The CarterCopter is a pusher configuration autogyro with wings and a twin boom tail, intended as a prototype and a technology demonstrator. The rotor is a two-bladed design weighted with 55 pounds (25 kg) depleted uranium at each tip, and it is mounted on a tilting mast, allowing the wing to stay at optimum wing efficiency at all speeds. It is an all-composite design with a hull pressurized up to 0.69 bar.
The tricycle undercarriage is retractable, and has a large travel to allow for landing at up to 20 ft/sec without bounce. The aircraft had been modified and rebuilt after an accident (a gear-up landing) in 2003.NASA had funded $1 million of the development using three research grants, and the aircraft managed to accomplish at least one of NASA's five goals.
The CarterCopter concept is a gyrocopter with an unusually stiff, relatively heavy rotor, supplemented with conventional wings. At low speed, the vehicle flies as a gyrocopter, and can pre-spin the rotor for a vertical takeoff and very brief hover (about 5 seconds), and can land more or less vertically.
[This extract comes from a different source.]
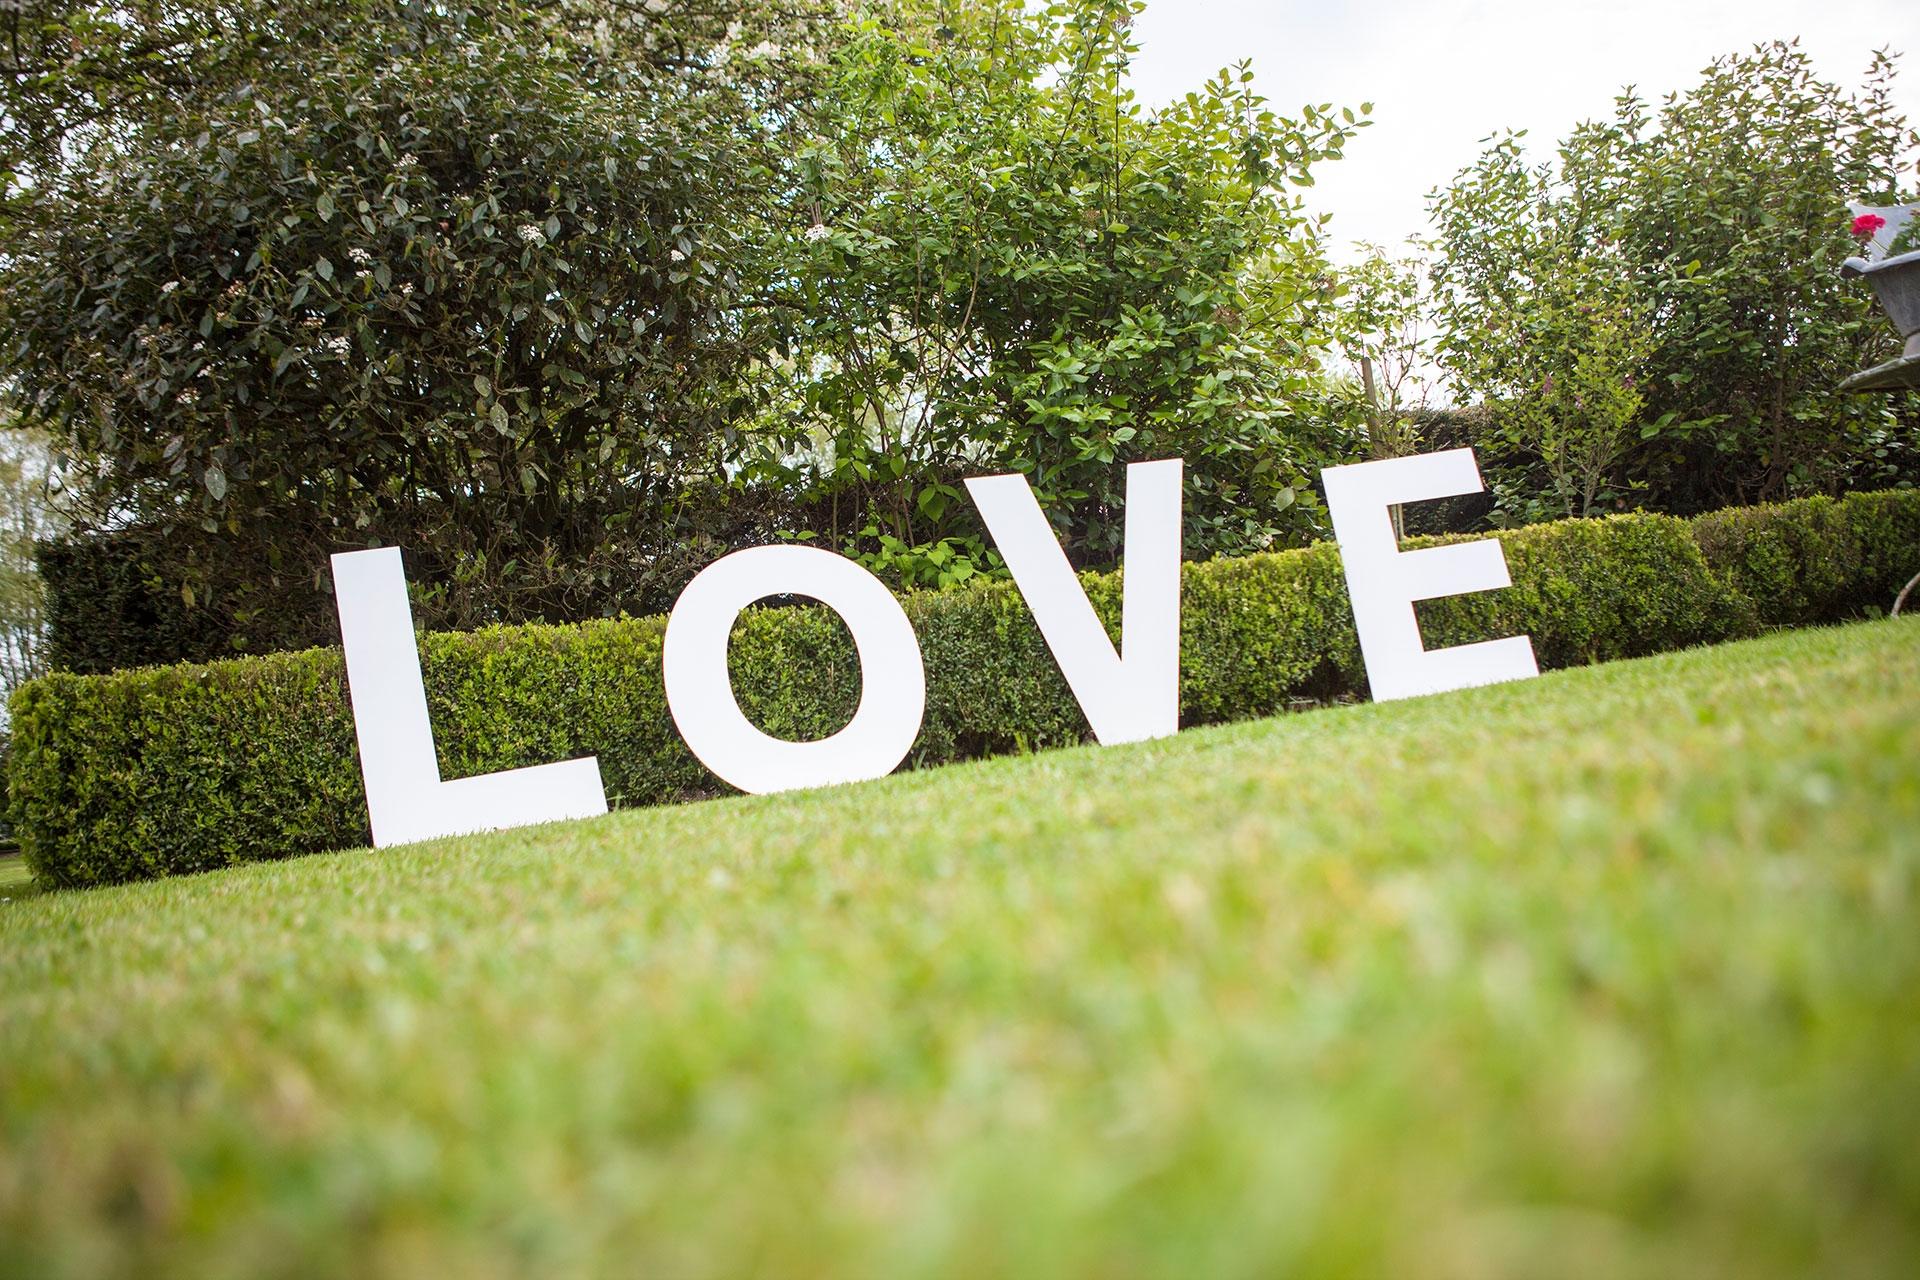 particuliers-evenements-mariages-oui-zelie&valentin-40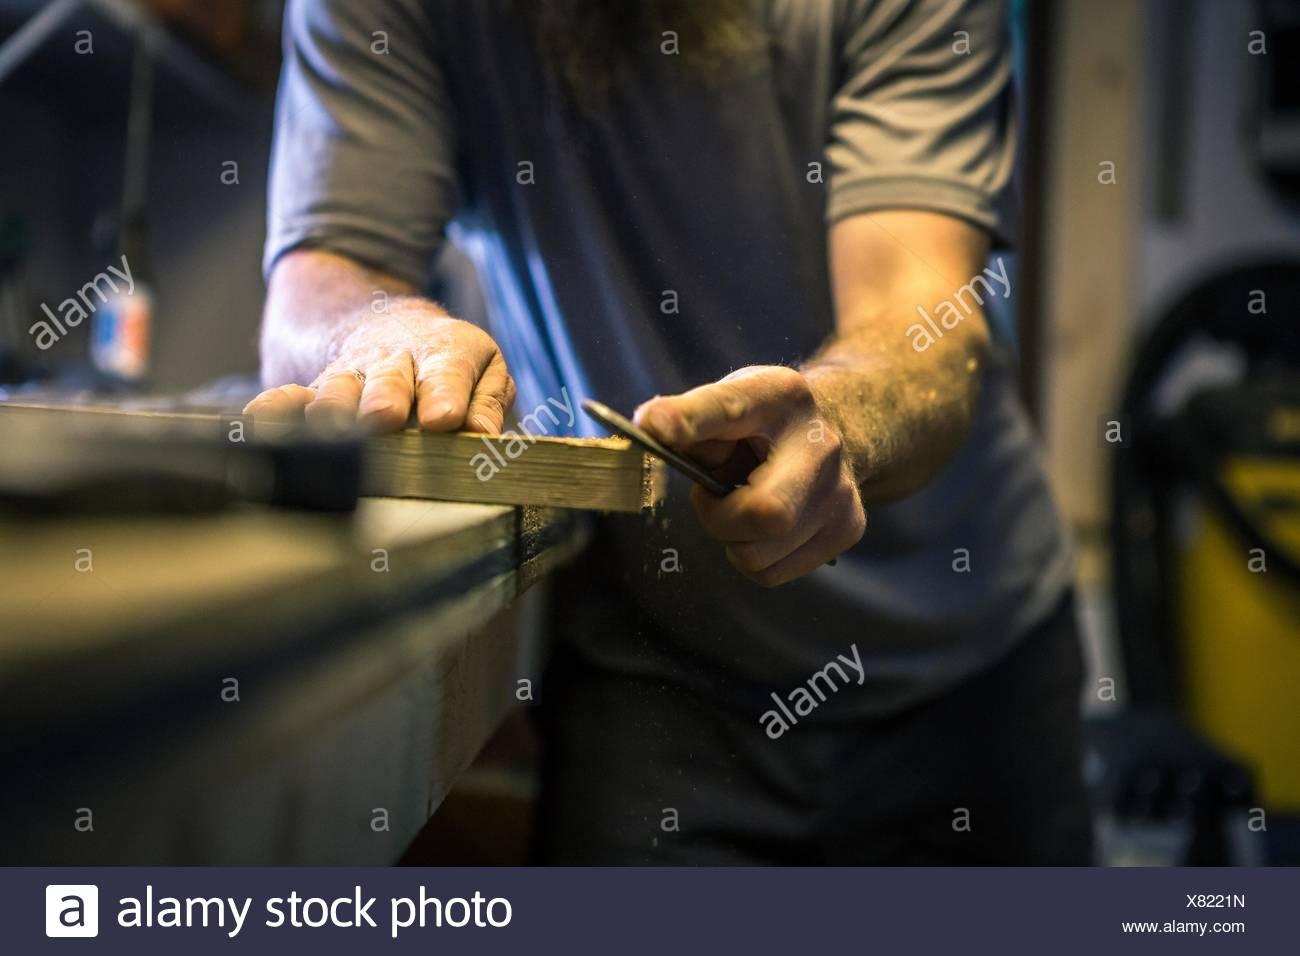 Holzkünstler arbeiten in Werkstatt, Mittelteil Stockbild

Several technical challenges make flying a slow rotor difficult, but rotor stability is achieved through the combination of the rotor tip weights' location ahead of the blade center line (forward center of gravity) and the center of lift aft of the blade center line. At high speed (above about 100 mph) the aircraft flies mostly using the fixed wings, with the rotor simply windmilling. The rotor spins with a tip speed below airspeed, which means that the retreating blade flies completely stalled. On a helicopter this would cause massive lift dissymmetry and insoluble control issues but the fixed wings keep the aircraft in the air and stable.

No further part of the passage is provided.